# Cheesecake Ambrosia



## debodun (Jun 19, 2014)

1 container of Philadelphia Ready-To-Eat Cheesecake Filling
about equal amount of non-dairy whipped topping (a.k.a. Cool Whip)

Fold these together until well blended. To this, fold in - 

1 can crushed pineapple, drained
2 - 11 oz, cans of mandarin orange segments, drained
1 cup shredded cocoanut
1 bottle of maraschino cherries, quartered

If desired, sprinkle miniature marshmallows on top just before serving.


----------



## rkunsaw (Jun 19, 2014)

That sounds like it would be good....with whipped cream. I refuse to eat cool whip.


----------



## Meanderer (Jun 21, 2014)

Wow!  I can almost taste it!  The fruit mixture would really take it up a notch or two.   For many years we made cheesecake the "hard" way, until we discovered Jello brand cheesecake mix.  It is much easier and very close to the real thing.  As far as the topping of choice....the key word is "Choice".


----------



## debodun (Jun 21, 2014)

rkunsaw said:


> That sounds like it would be good....with whipped cream. I refuse to eat cool whip.

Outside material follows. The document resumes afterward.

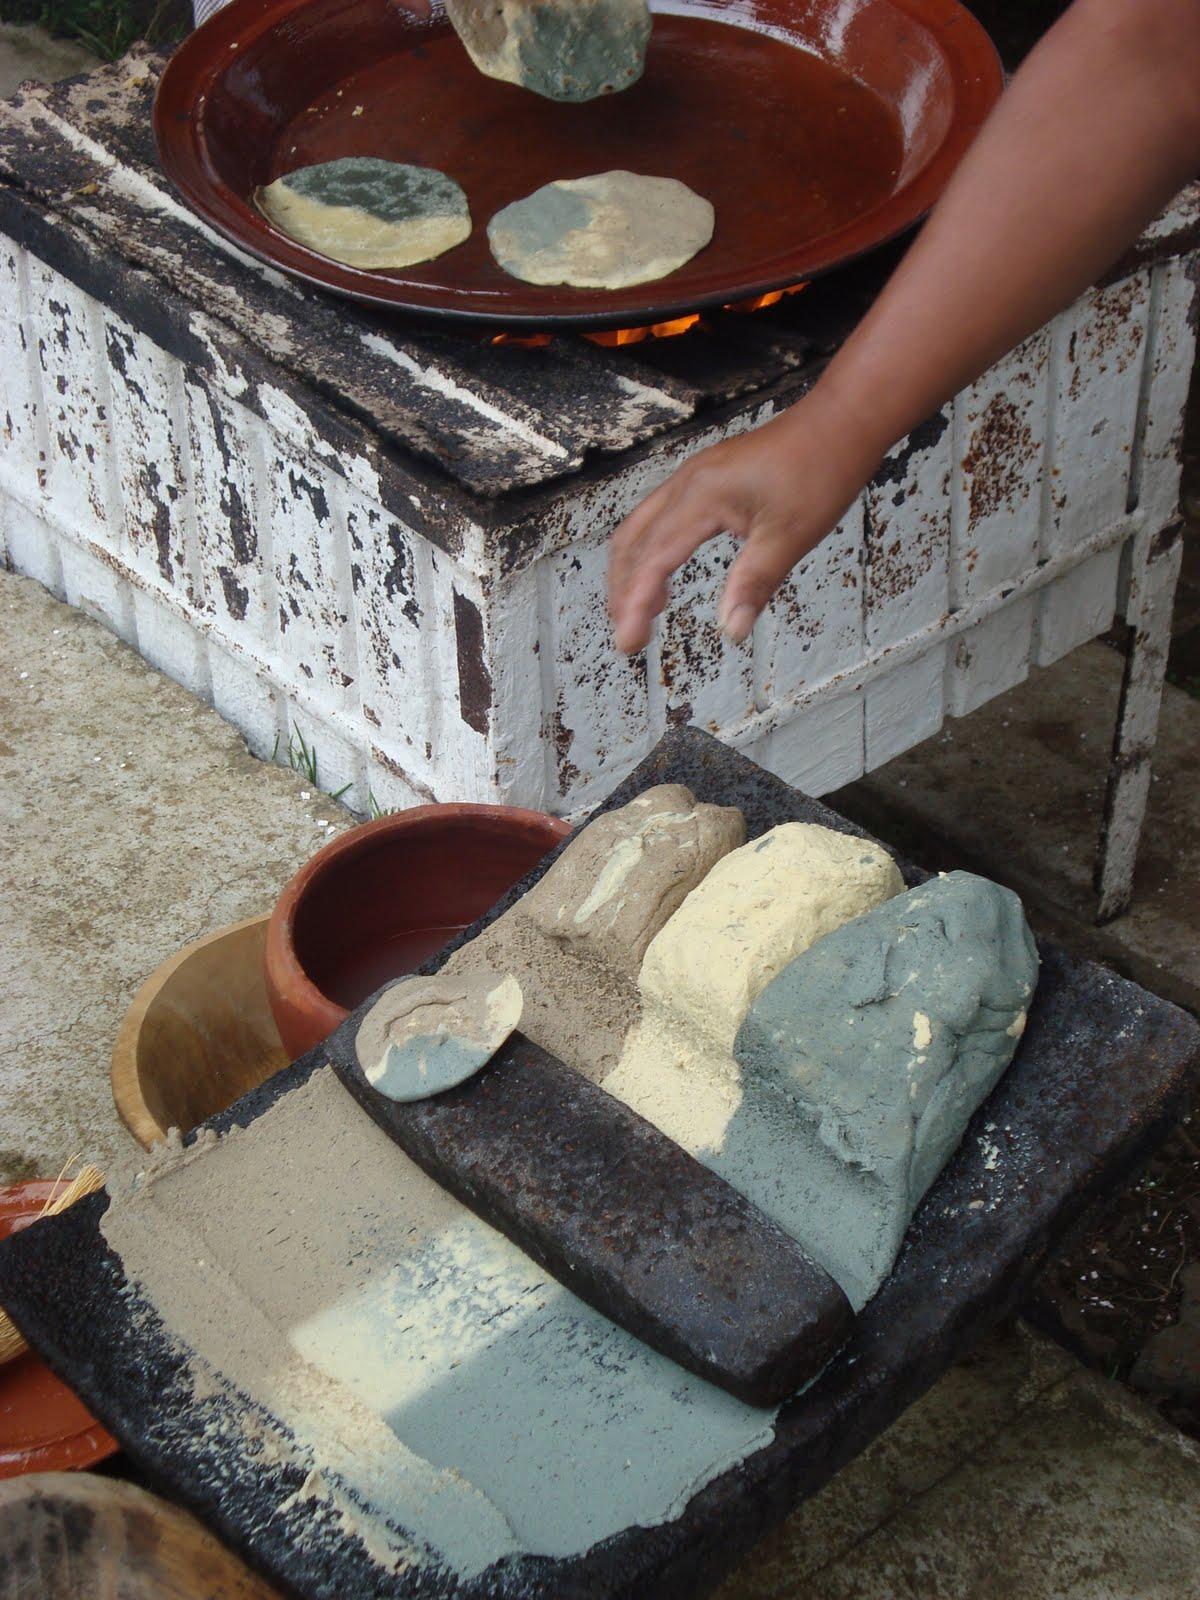 Muebles Nahuatzen Michoacan - Comunidad Indigena[mjhdah]https://lookaside.fbsbx.com/lookaside/crawler/media/?media_id=1602301826458213

I find cool whip holds up better. Real whipped cream tends to separate (get watery) when mixed in. I suppose if you're taking to to a party when it will be eaten all in one sitting, it wouldn't matter.


----------



## LadyEmeraude (Nov 5, 2022)

Cheesecake Ambrosia sounds heavenly! I would love it, that is for sure ​


----------